Rand Paul says his secret to success is that his tax cut plan will supercharge economic growth. Jeb Bush says his secret to success is that merely by being president he will supercharge economic growth.
I guess I have to give this round to Paul. He at least tried to come up with some math salad to justify his belief that a Rand Paul presidency will bring about economic nirvana. Bush simply declared ex cathedra that he’d make the economy grow at an astonishing 4 percent per year. Why? “It’s a nice round number. It’s double the growth that we are growing at. It’s not just an aspiration. It’s doable.”

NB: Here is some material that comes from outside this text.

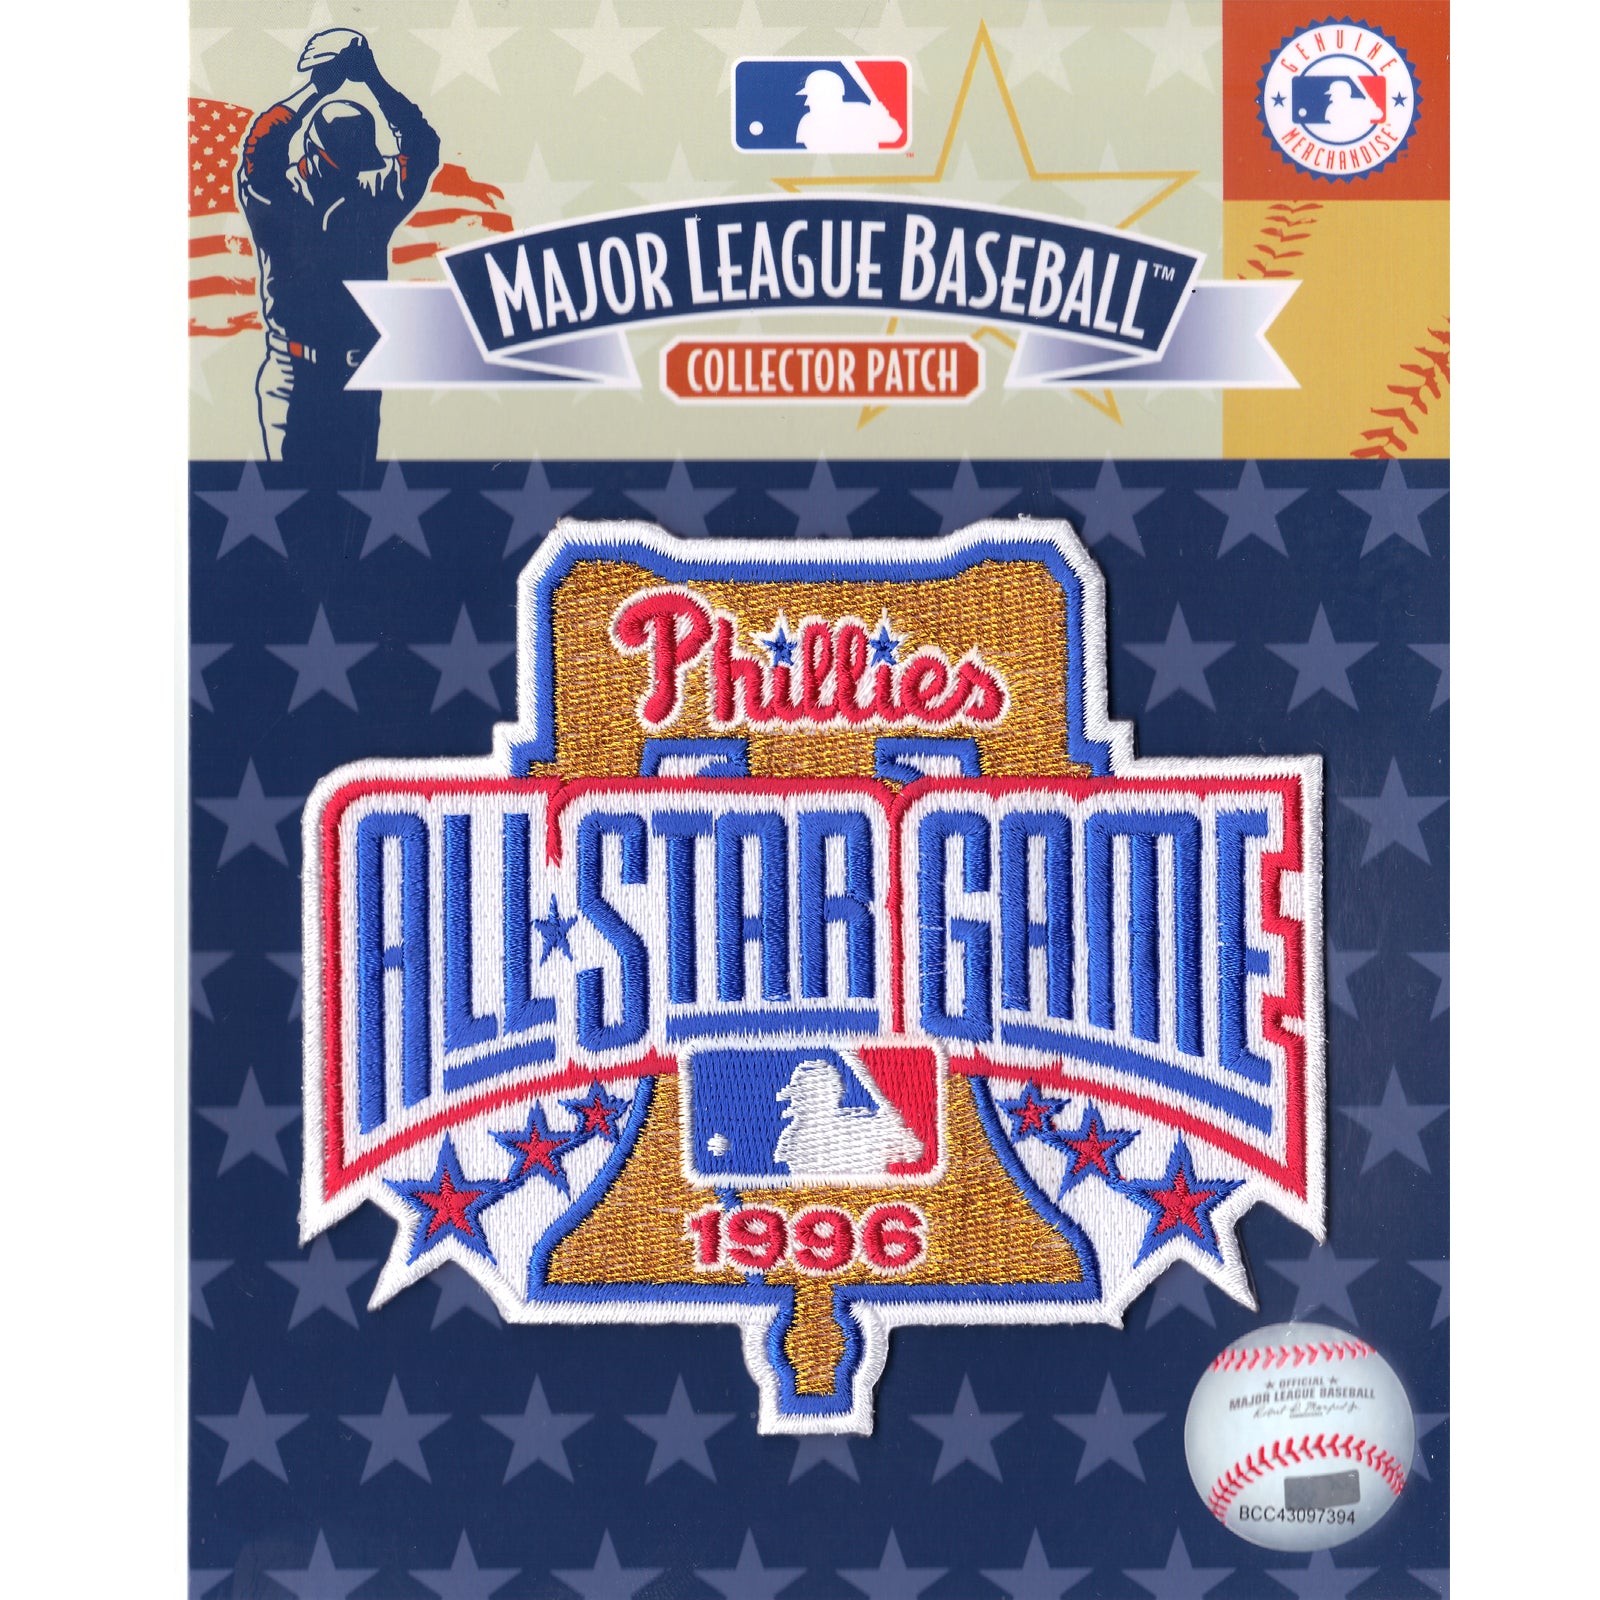 AP Source 2026 MLB AllStar Game to be held in Philadelphia

Um, OK. He gets points for copping to a sort of amiable idiocy, I suppose. But in case you’re interested, here’s economic growth since the Reagan administration:
Reagan managed 4 percent growth four times in eight years. George H. W. Bush managed it zero times. Bill Clinton did it five times in eight years. George W. Bush did it zero times. Barack Obama has (so far) done it zero times. And no president in history has averaged 4 percent growth over the course of his presidency. No one.1
If you want all the gory details, Matt Yglesias has much more here about just how unlikely this kind of growth is. But politically speaking, the details aren’t what’s interesting. What’s interesting is that Bush’s comment is an unusually clear peek behind the curtain, one that demonstrates how unseriously Republicans take the economy. It’s all just cotton candy for the gullible. Cut taxes on the rich and this will—somehow—supercharge the economy. Slash regulations and this will—somehow—unleash business activity and supercharge the economy. Now Bush has decided to dispense with even the mumbo jumbo explanations. He’s distilled the GOP economic message down to its essence: Elect me president and—merely because I’m a Republican and I say so—I’ll supercharge the economy.
And there’s more. If you assume the economy is going to skyrocket, there’s no need to address niggling concerns about spending or budget deficits. There will be money for everything! And when it doesn’t happen? Oops. Sorry. Next time we’ll get serious for sure. Honest.
1OK, OK, it’s true that FDR did it. How? By starting at the bottom of the worst depression in history and ending with the biggest wartime boom in history. This basically makes the case for just how unlikely this is to ever happen again.